Connection to Bayesian inference

A hierarchical model is a Bayesian model in which the group-level distribution $\mathcal{N}(\mu,\tau^2)$ acts as a prior on the $\alpha_j$ , and the data update it into a posterior for each group. The shrinkage formula above is the posterior mean of $\alpha_j$ under that prior. When the hyperparameters $\mu,\tau^2,\sigma^2$ are themselves estimated from the data (rather than fixed by hand) and then plugged in, the procedure is called empirical Bayes; the closely related James–Stein estimator shrinks several group means toward their grand mean and provably beats the raw means in total squared error. Fully Bayesian versions place priors on the hyperparameters too and are typically fit with MCMC.

Worked example: disease rates across small areas

Imagine measured rates in a dozen districts, where some districts contribute many cases and others only a few.
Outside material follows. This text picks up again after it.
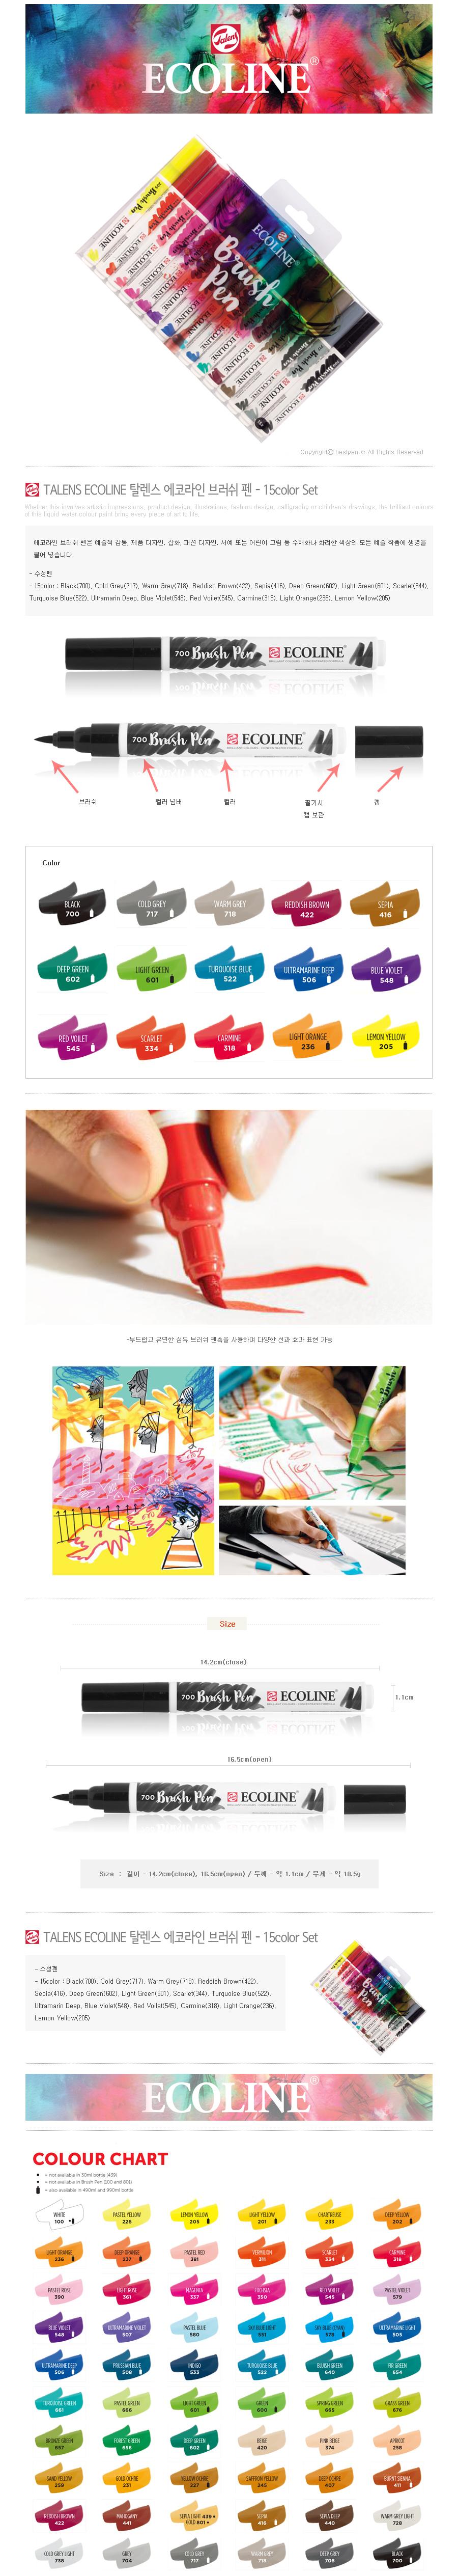 [로얄탈렌스] 탈렌스 에코라인 브러쉬펜 15color Set - 베스트펜, 64,000원, 데코펜, 캘리그라피펜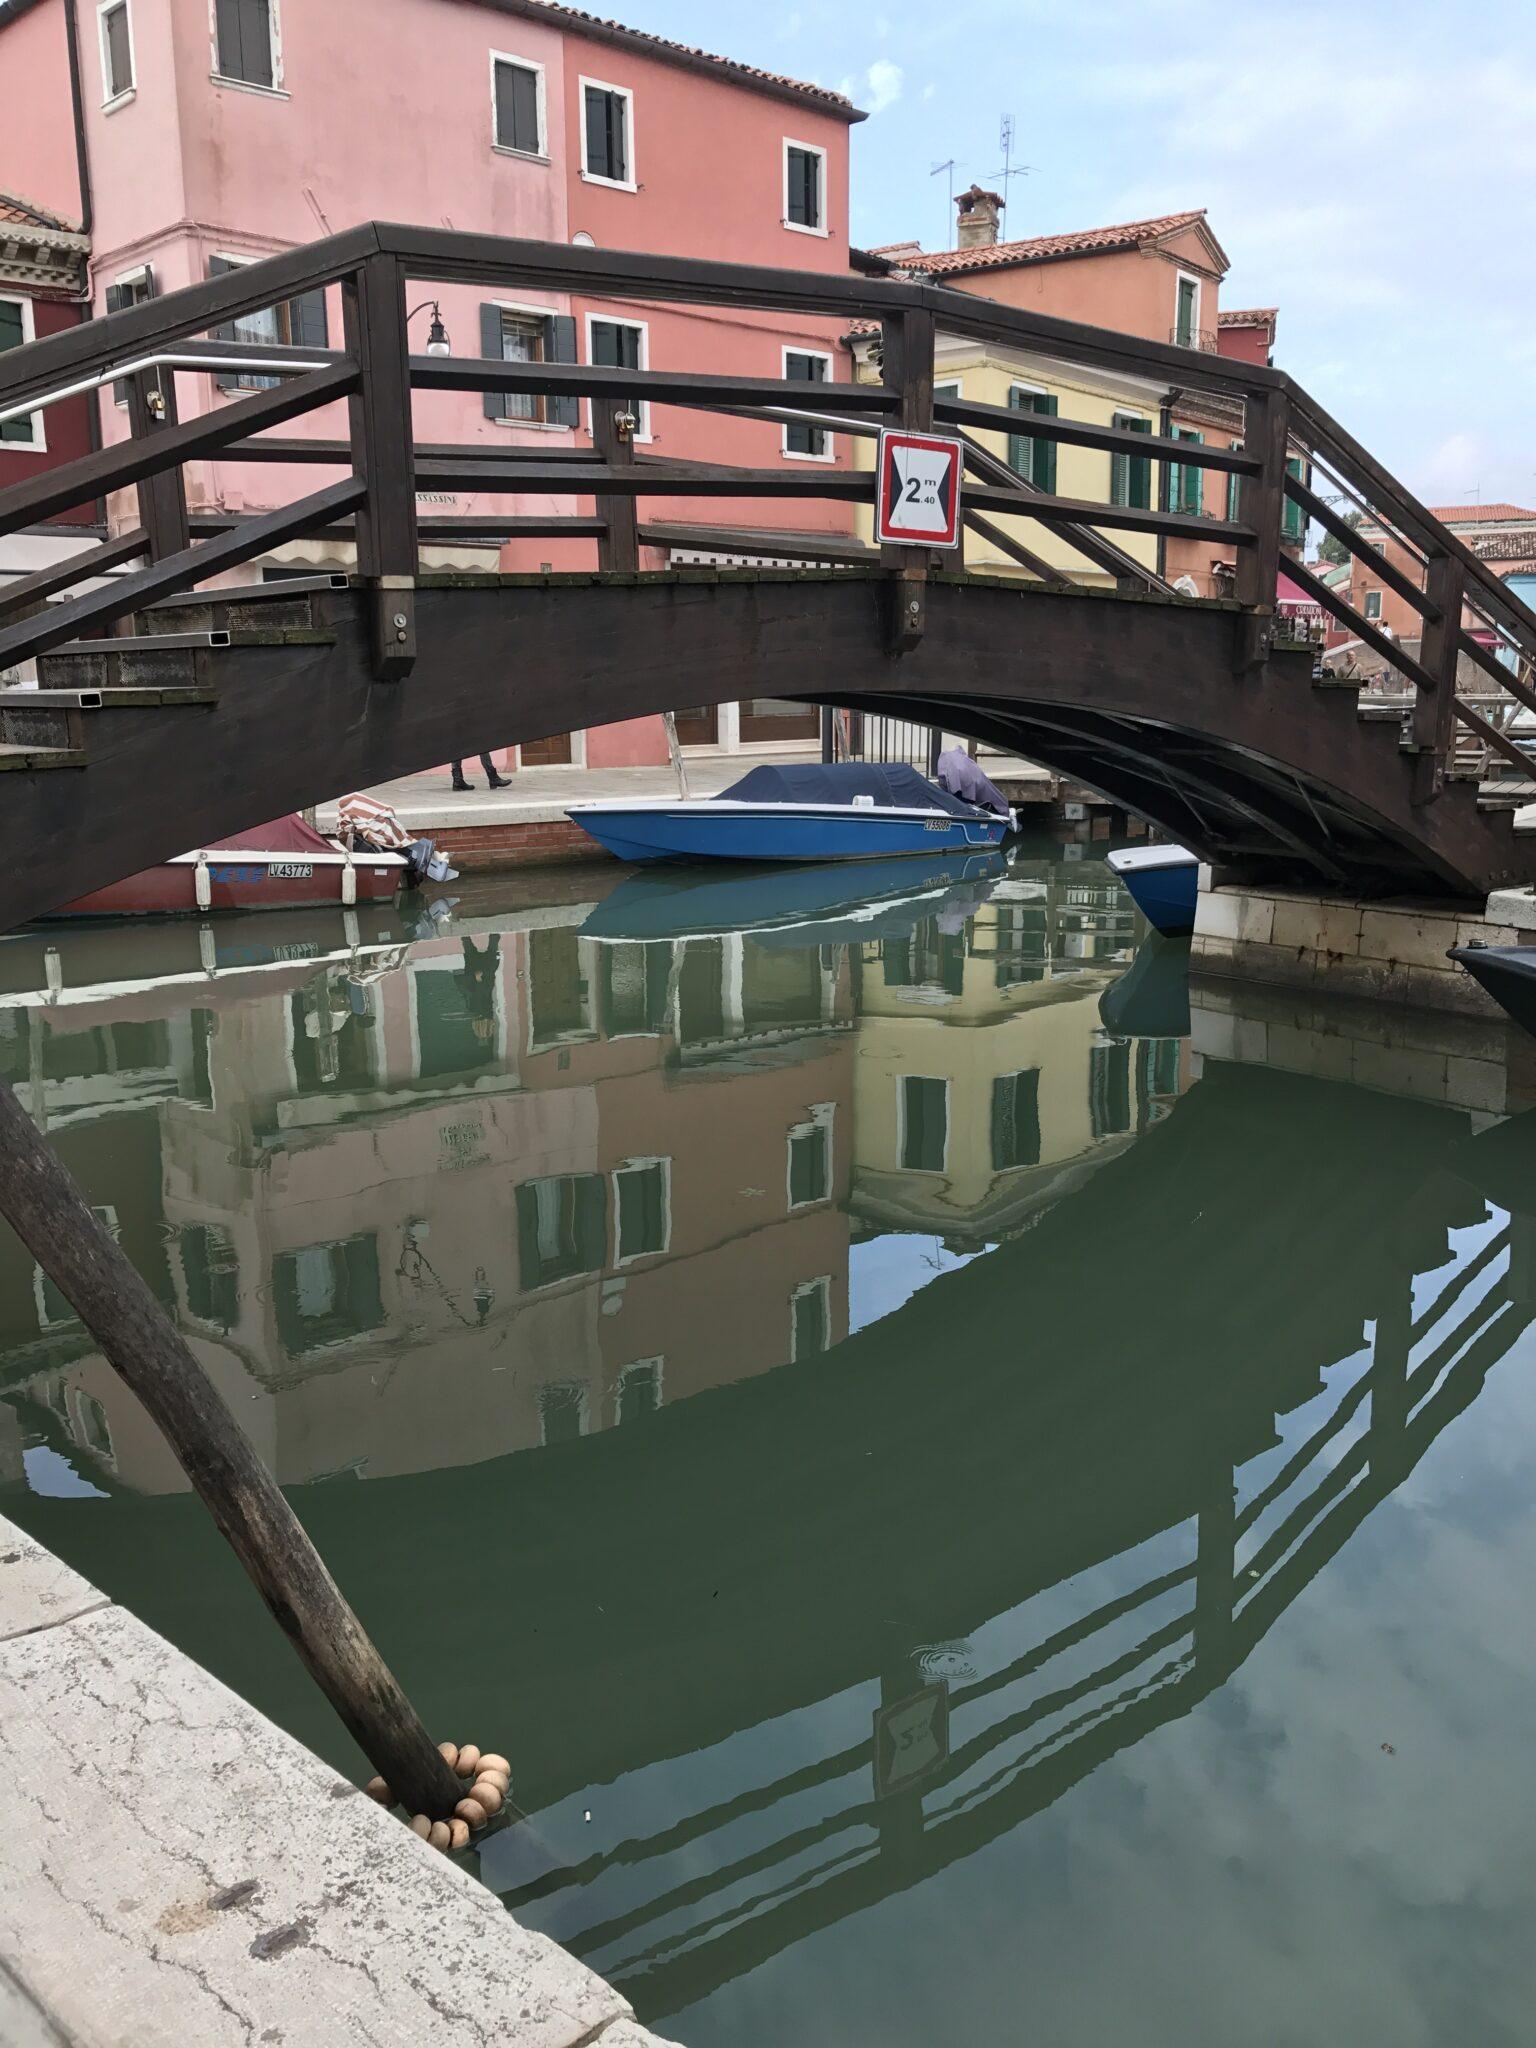 2017 – Venice Day 3 – Burano & Palazzo Ducale

The no-pooling rates for the small districts swing far above and below the truth simply from sampling noise. An empirical-Bayes fit estimates the between-district spread $\tau^2$ , forms each $w_j$ , and shrinks every raw rate toward the grand mean in proportion to how little data it rests on. The result is a set of stabilized rates that are usually closer to the truth, especially for the sparse districts.

In code

R

set.seed(1)
J <- 12
n <- sample(3:60, J, replace = TRUE)
true <- rnorm(J, 5, 1.6)
raw <- true + rnorm(J, 0, 3 / sqrt(n))   # no-pooling means

grand <- mean(raw)
tau2 <- var(raw)                          # between-group variance (rough)
w <- tau2 / (tau2 + (3^2) / n)            # shrinkage weights
shrunk <- grand + w * (raw - grand)       # partial-pooling estimates
data.frame(n, raw = round(raw, 2), shrunk = round(shrunk, 2))

Python

import numpy as np

rng = np.random.default_rng(1)
J = 12
n = rng.integers(3, 60, size=J)
true = rng.normal(5, 1.6, size=J)
sigma = 3.0
raw = true + rng.normal(0, sigma / np.sqrt(n))   # no-pooling means

grand = raw.mean()
tau2 = raw.var(ddof=1)                            # between-group variance
w = tau2 / (tau2 + sigma**2 / n)                  # shrinkage weights
shrunk = grand + w * (raw - grand)                # partial pooling

print(round(grand, 3))                            # grand mean ~4.7
for i in np.argsort(n)[:3]:                        # smallest groups shrink most
    print(n[i], round(raw[i], 2), round(shrunk[i], 2), round(w[i], 2))
# e.g.  4 8.03 5.28 0.19   (raw far out, shrunk pulled back hard)

5.038
4 6.99 5.85 0.42
11 6.79 6.2 0.66
17 4.1 4.33 0.75

Julia

using Random, Statistics
Random.seed!(1)
J = 12
n = rand(3:60, J)
true_a = 5 .+ 1.6 .* randn(J)
sigma = 3.0
raw = true_a .+ (sigma ./ sqrt.(n)) .* randn(J)

grand = mean(raw)
tau2 = var(raw)
w = tau2 ./ (tau2 .+ sigma^2 ./ n)
shrunk = grand .+ w .* (raw .- grand)   # partial-pooling estimates

Why it matters

Multilevel models are the standard tool whenever data arrive in clusters, from small-area disease mapping to hospital performance comparisons to repeated measures on the same subject. By shrinking unreliable estimates toward the group average, they avoid overreacting to noise in sparse groups while still surfacing genuine differences, giving more accurate and more honest group-level answers than either extreme of pooling.